The problem:
What is needed is a faithful transcription of all the data below, pictures excluded.

Data block:
BEGIN

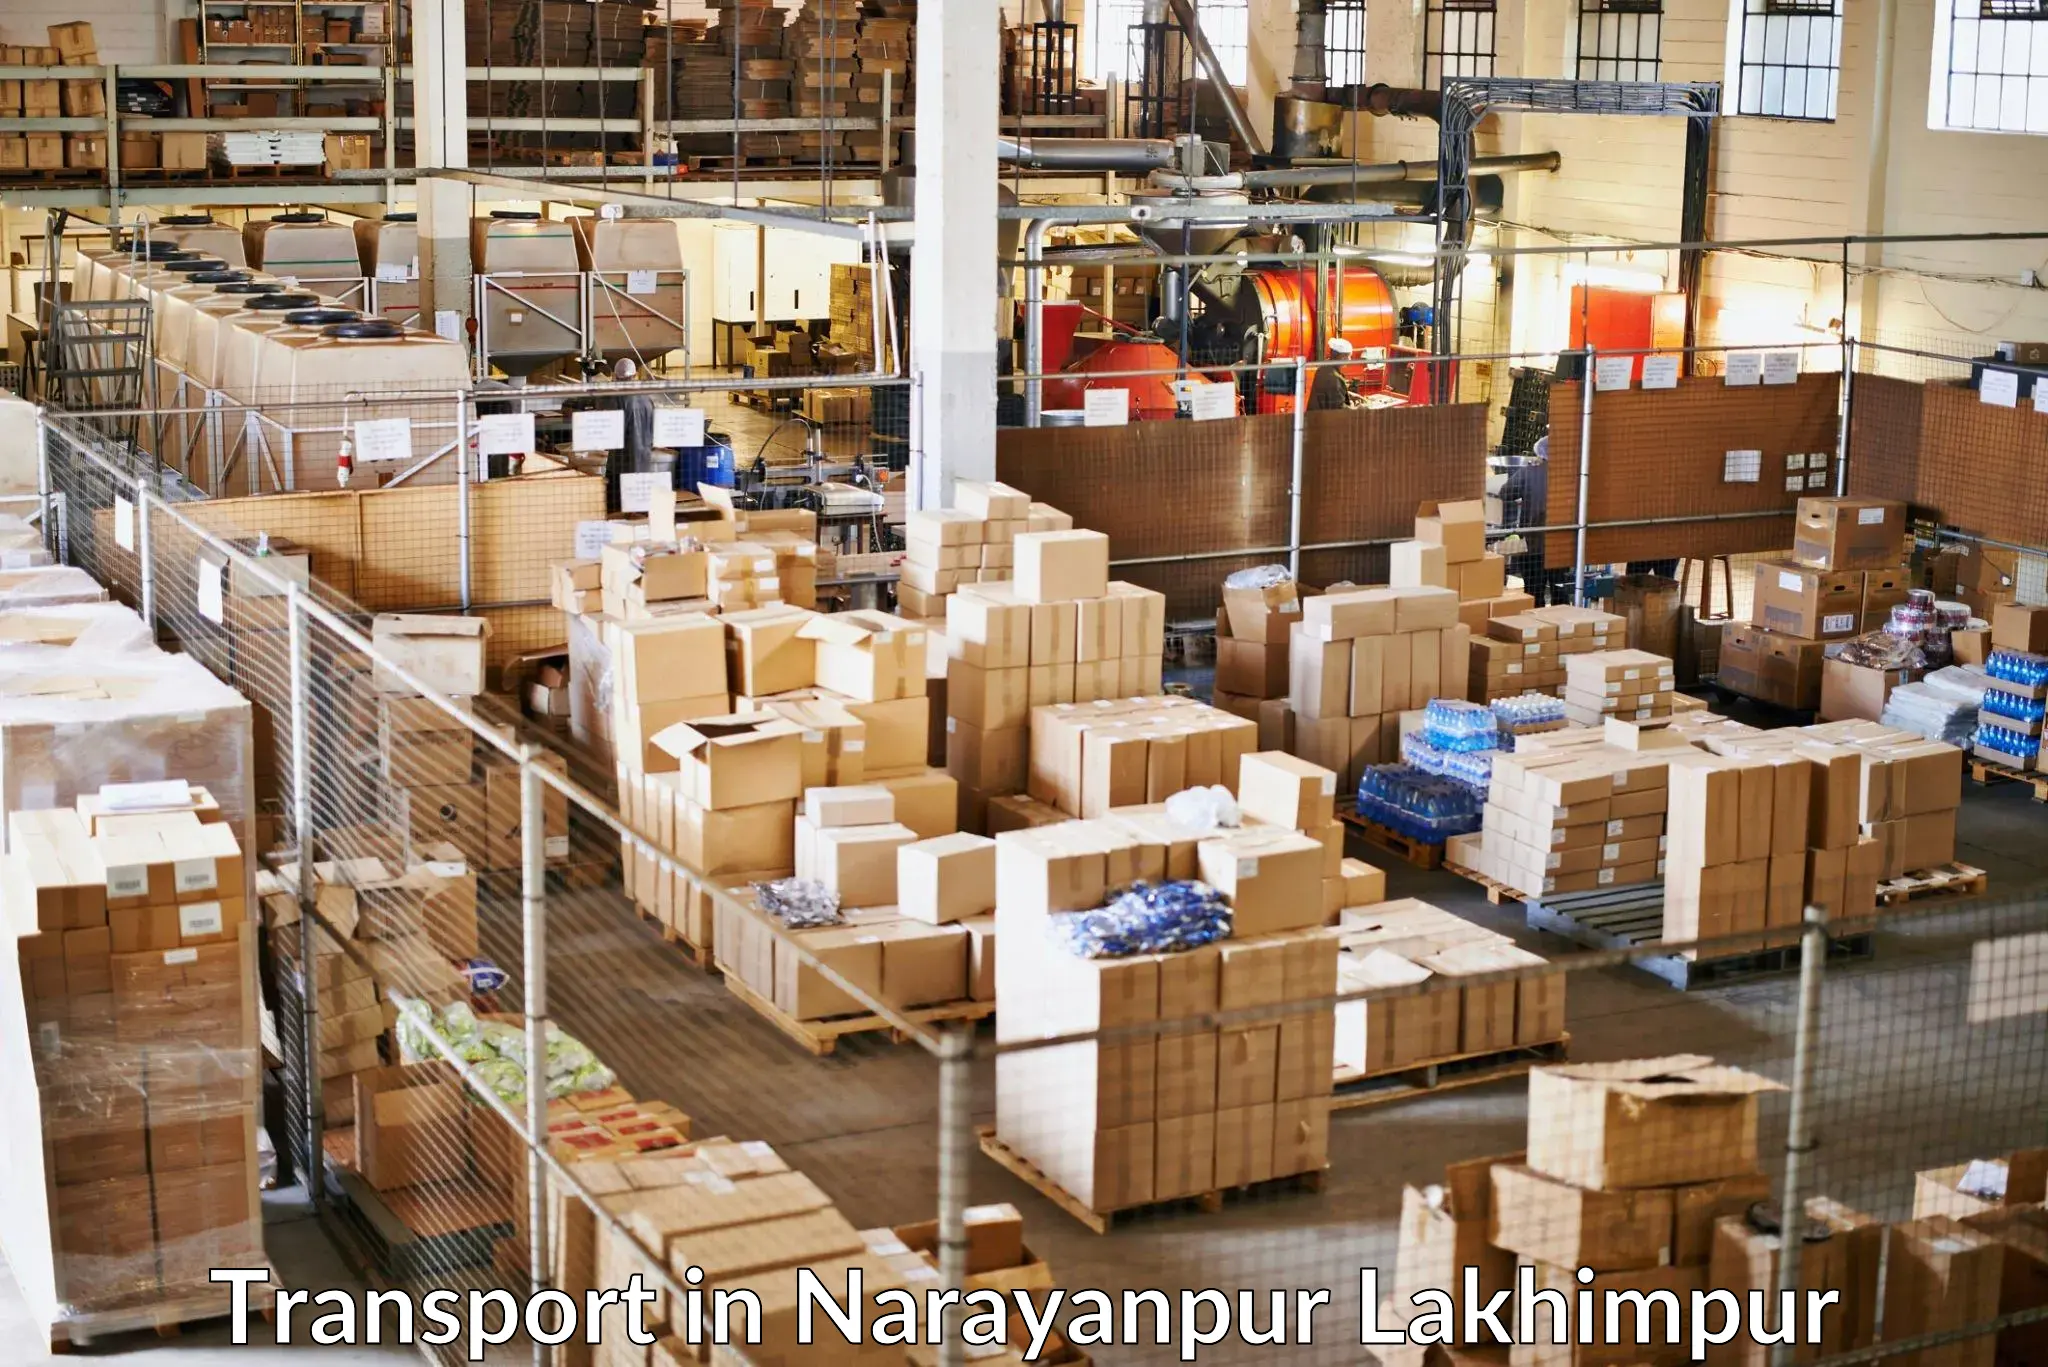 Online transport booking in Narayanpur Lakhimpur
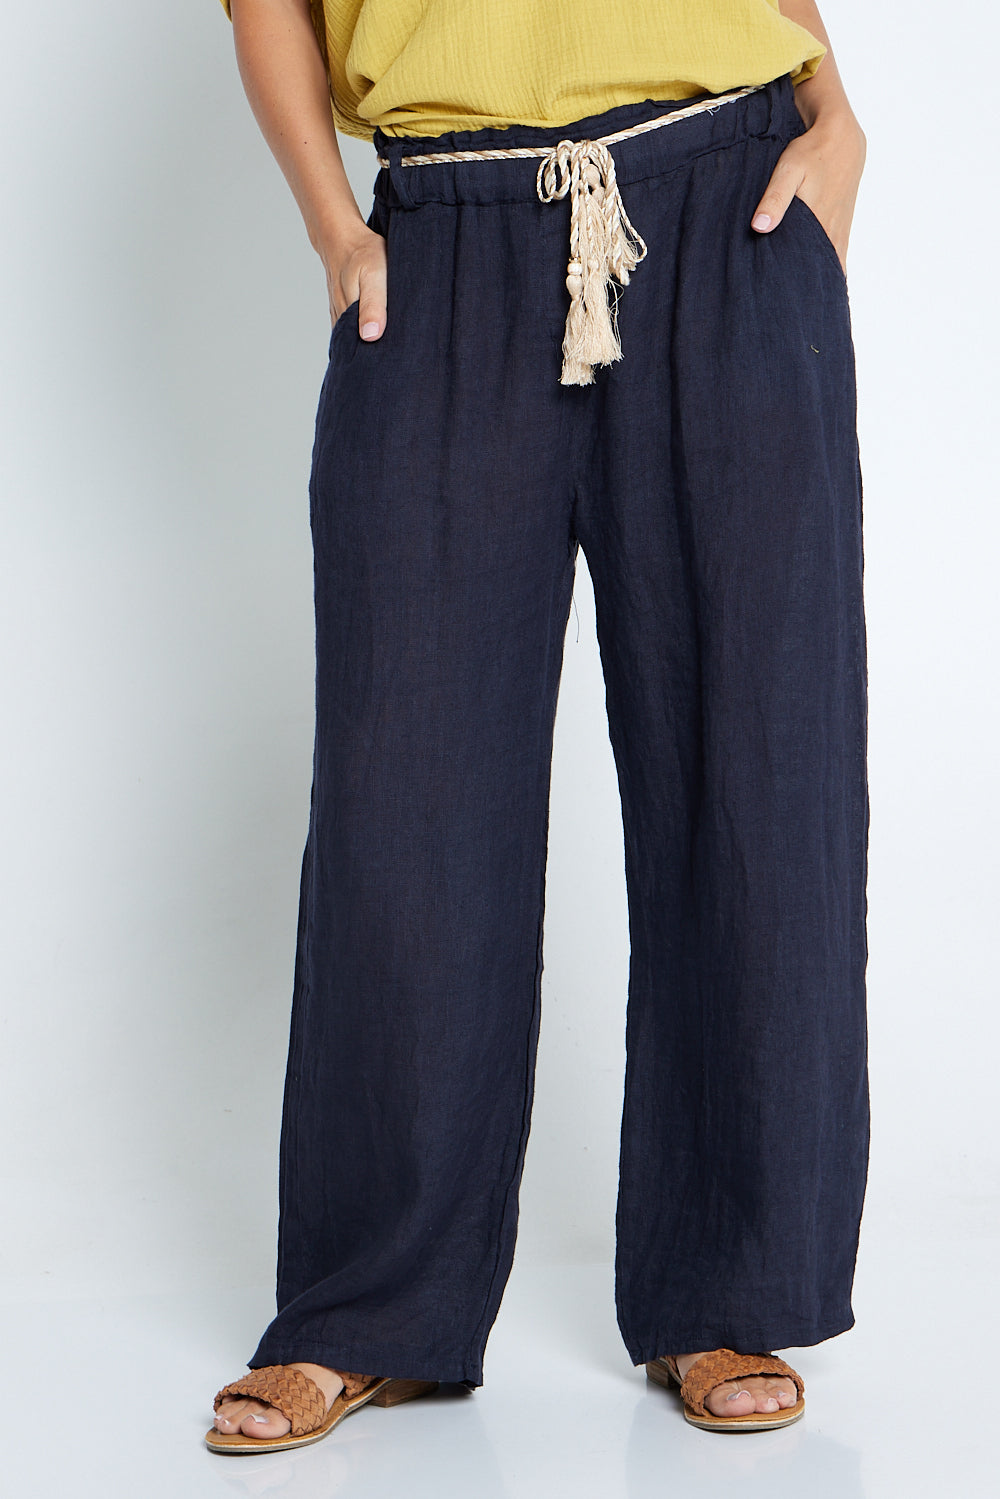 Positano Linen Pants - Navy  La Strada – TULIO Fashion
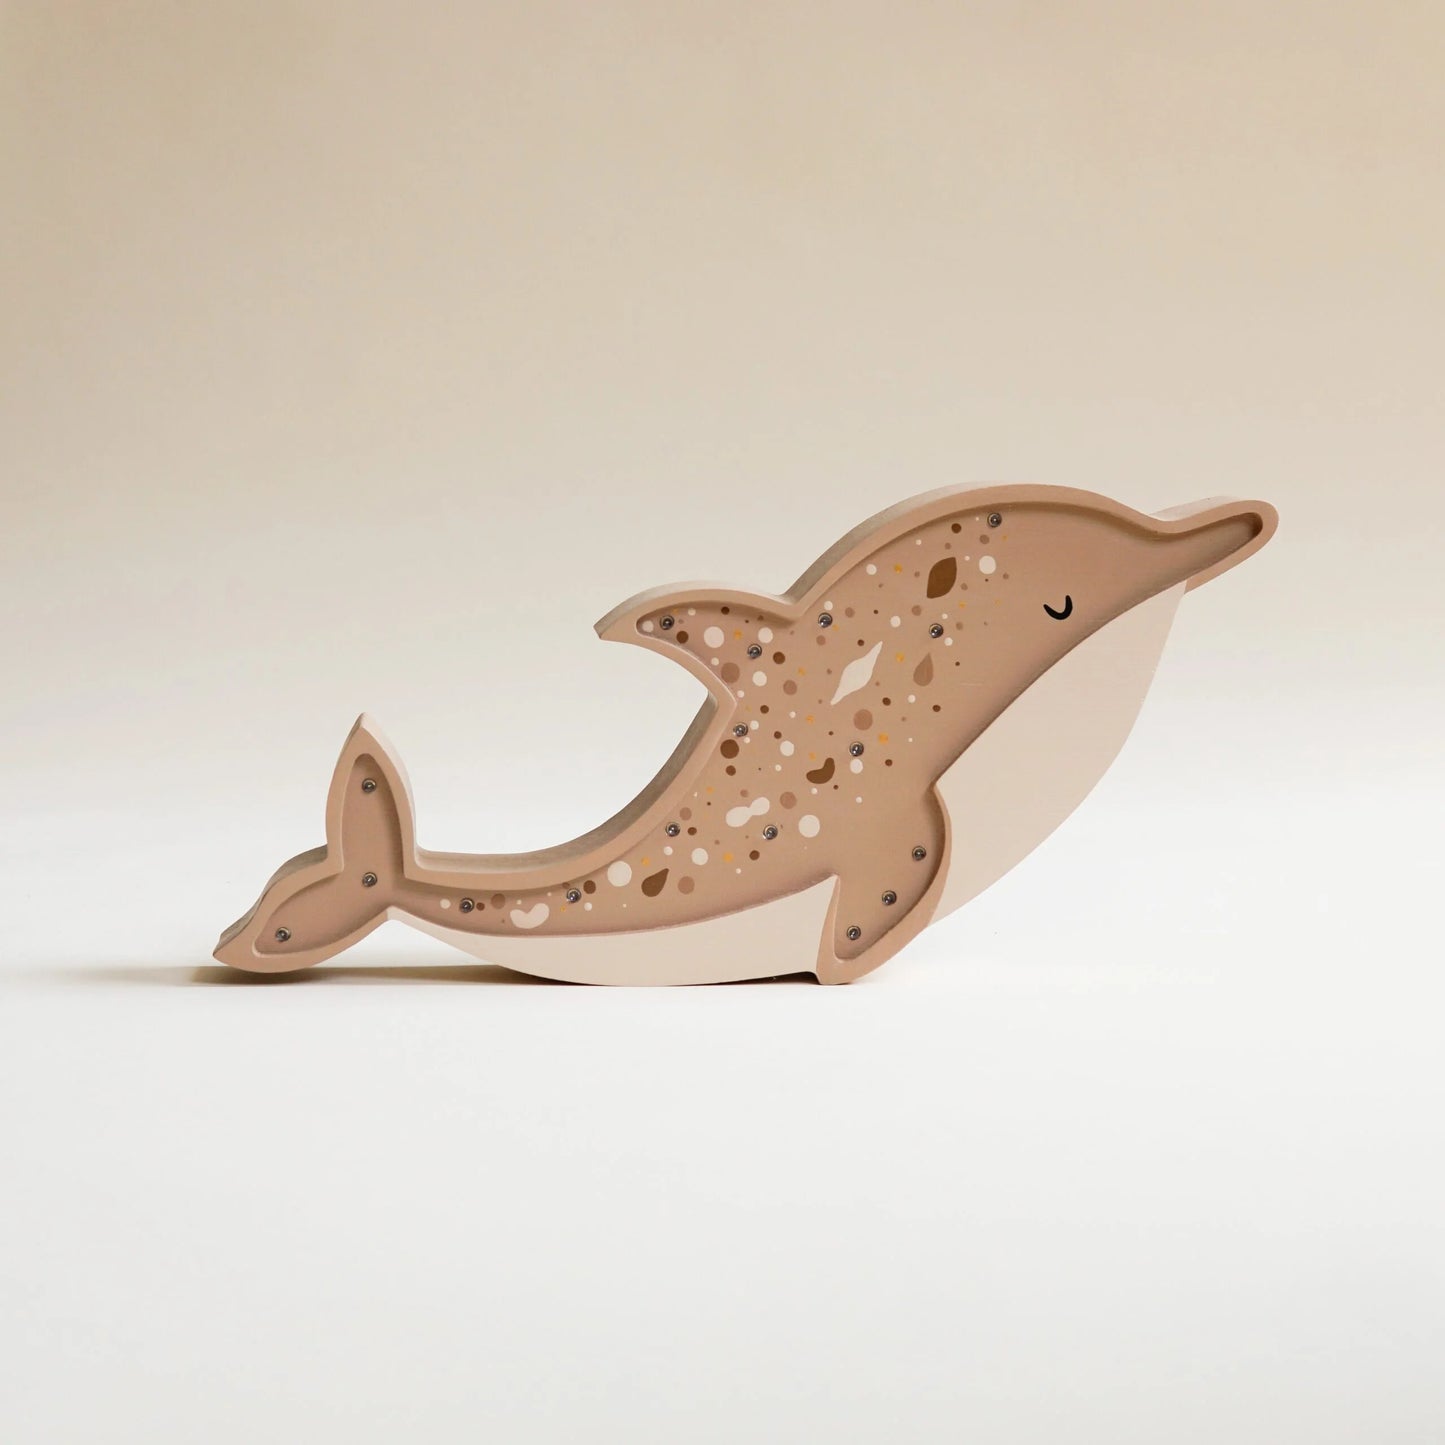 Drewniana Lampka Delfin – Brązowy

END

Problem solution:
 Online transport booking in Narayanpur Lakhimpur
 Positano Linen Pants - Navy  La Strada – TULIO Fashion
 Drewniana Lampka Delfin – Brązowy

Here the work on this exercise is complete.